Figure 1.
Zymogen-derived proteins deviate from common trends in protein folding.
(A) Comparison of the non- and PS-catalyzed folding of αLP [8], SGPB [5] and pepsin [7]. (B) Relation between topology and folding rate for a number of two- and three-state folding proteins (circles, data taken from [3], [21], [22]). The folding rate of αLP (squares), SGPB (triangles) and pepsin (stars) is accelerated to the value (hollow points) expected based on the topology, only when the PS is included. (C) Reaction scheme of pepsin PS-catalyzed folding. The PS binds Rp and catalyzes its conversion to Np at pH 5.3, where the PS is a strong inhibitor of Np. The PS dissociates from Np at pH<3.
Figure 2.
Effects of PS point mutants on binding and catalyzing pepsin folding.

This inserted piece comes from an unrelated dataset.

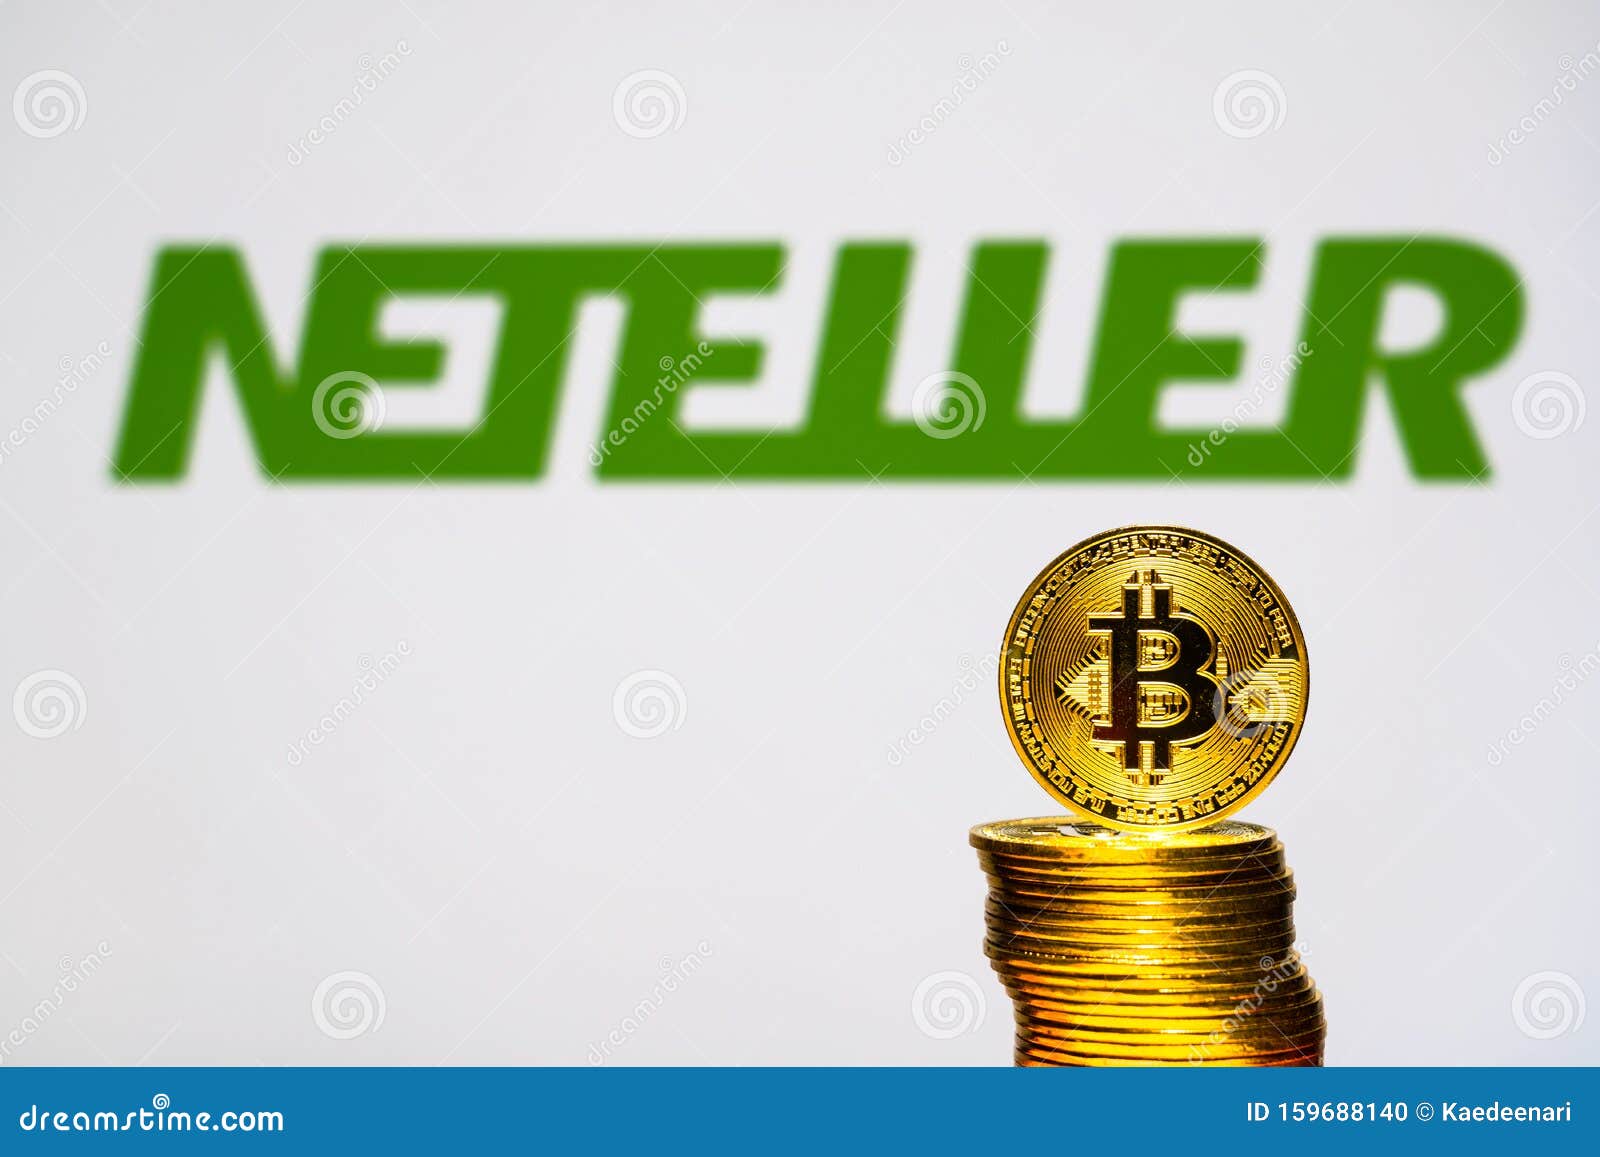 Come acquistare Bitcoin con Neteller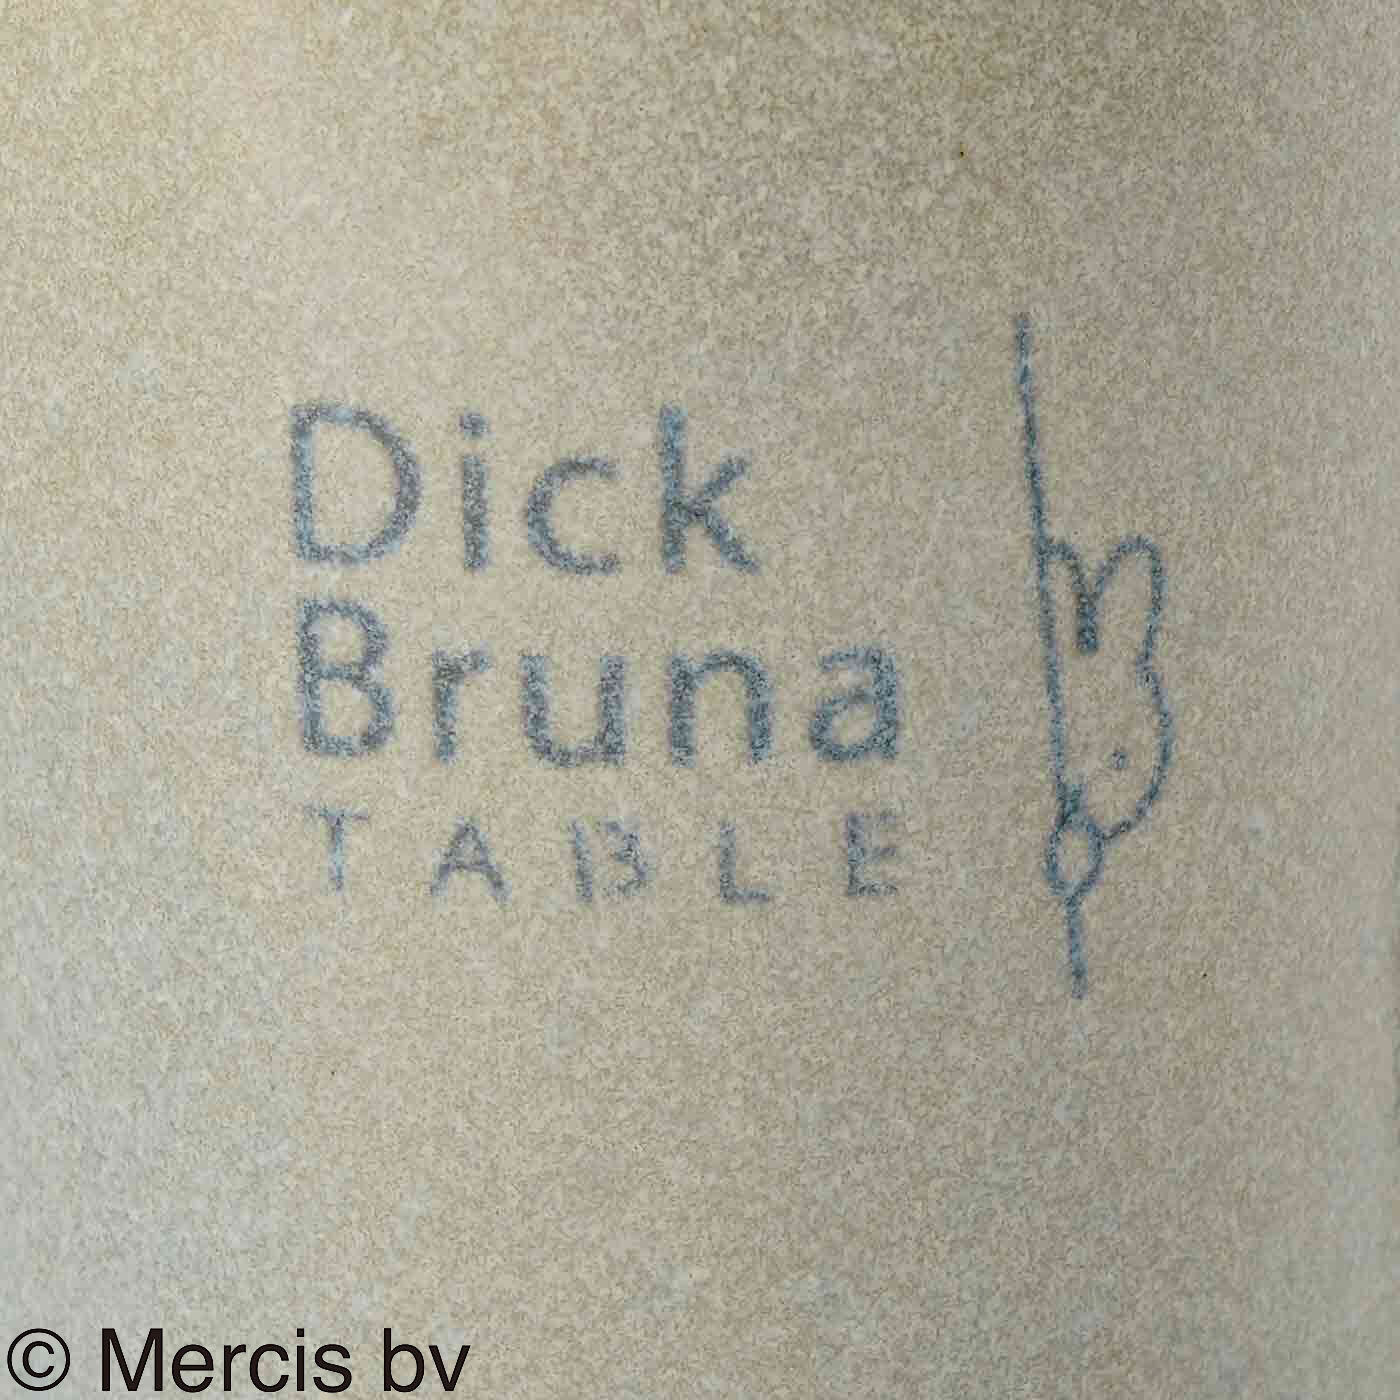 ディック・ブルーナ テーブル|Dick Bruna TABLE  テーブルを華やかに彩るマグカップの会|特徴ある釉薬を使っています

(A) Structure of pepsinogen (PDB code: 3PSG) with the PS (pink) located between the N- and C-terminal lobes, forming part of a six-stranded β-sheet, and K36 of the PS interacts with the catalytic residues, D32 and D215 (red). PS residues selected for mutation to Ala are shown in space-filling form and coloured according to type (grey-hydrophobic, orange-polar, blue-basic, red-acidic). (B) Comparison of wild-type and mutant PS-catalyzed folding of pepsin. The rate of PS-catalyzed folding (kf) was determined by adding PS to Rp, at pH 5.3, 15°C (see Text S2: folding rate followed Arrhenius temp-dependence from 0—15°C, shown in Fig S5), and measuring the formation of Np based on enzyme activity measured at pH 1.2, 25°C. The data were fit according to a monoexponential function to obtain kf. (C) Comparison of wild-type and mutant PS affinity for Rp. PS-Rp binding was determined by following the increase in Trp-fluorescence of pepsin as a function of [PS]. The data were fit according to eq 1 to determine the dissociation constant, Kd, at 20°C, pH 5.3. (d) Comparison of wild-type and mutant PS affinity for Np. The reduction in Np activity was measured as a function of [PS]. The data were fit according to a competitive inhibitor model, eq 2, to determine the inhibition (dissociation) constant, Ki, at 20°C, pH 5.3. All data are reported as the average ± SD of 3-5 measurements for each PS peptide.
Table 1.
Changes in binding and folding constantsa and associated free energiesb upon mutation of the PS.
Figure 3.
Changes in the PS-catalyzed folding energy landscape upon mutation of the PS peptide.
(A) The changes in energy of each conformation were determined as changes in binding energies. (B) Φ-values calculated from the ratio of the changes in activation energy (ΔΔG‡) and free energy difference between PS-Np and PS-Rp (ΔΔGPS(Np-Rp)). Error bars show ± SD derived by propagation of errors.
Figure 4.
A comparison of the mutation effects on the folding activation energy as a function of the change in equilibrium stability. Dashed lines indicate the trend lines for ΔΔG values that would give rise to Φ-values of 0 or 1 and error bars show ± SD.